Homoeoprepes trochiloides

Scientific classification
- Domain: Eukaryota
- Kingdom: Animalia
- Phylum: Arthropoda
- Class: Insecta
- Order: Lepidoptera
- Family: Elachistidae
- Genus: Homoeoprepes
- Species: H. trochiloides
- Binomial name: Homoeoprepes trochiloides Walsingham, 1909
- Synonyms: Mompha trochiloides Walsingham, 1909;

= Homoeoprepes trochiloides =

- Authority: Walsingham, 1909
- Synonyms: Mompha trochiloides Walsingham, 1909

Species of moth

Homoeoprepes trochiloides is a moth in the family Elachistidae. It was described by Thomas de Grey, 6th Baron Walsingham, in 1909. It is found in Costa Rica.
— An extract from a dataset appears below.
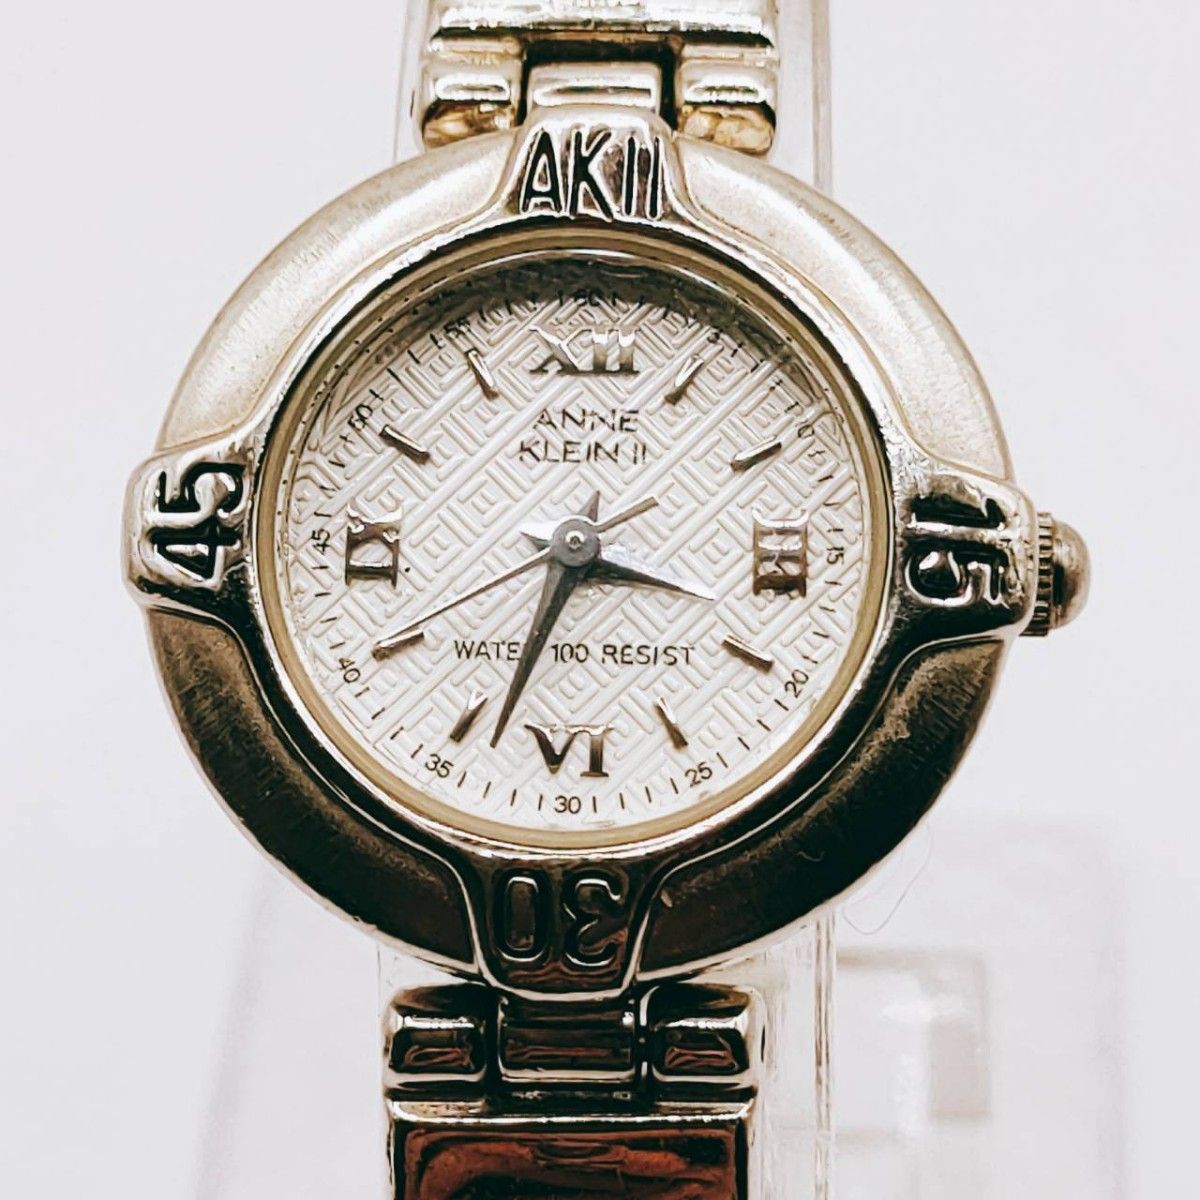 #20 ANNE KLEIN 2 アンクライン 腕時計 アナログ 3針 白文字盤 シルバー基調 時計 とけい トケイ アクセサリー

The wingspan is about 25 mm. The forewings are iridescent purplish, or bluish, grey, smeared with dark ferruginous, which becomes rich chestnut-brown in some lights, especially towards the apex. This dark shading commences at the base of the costa, where it forms an elongate patch of diffused scaling, scarcely separated from a large median blotch commencing near the middle of the base, following the cell almost to its outer extremity and diffused upward to the costa and downward into the middle of the fold. There is a patch of partly raised chestnut scales on the cell at one-third from the base, as well as a few similar scales in the fold somewhat beyond it, and, at the outer extremity of the cell a strong patch of raised dull golden scales, mixed with fuscous, whence a rich chestnut streak is produced to the apex, somewhat dilated upward to the costa above it. The hindwings are pale cupreous.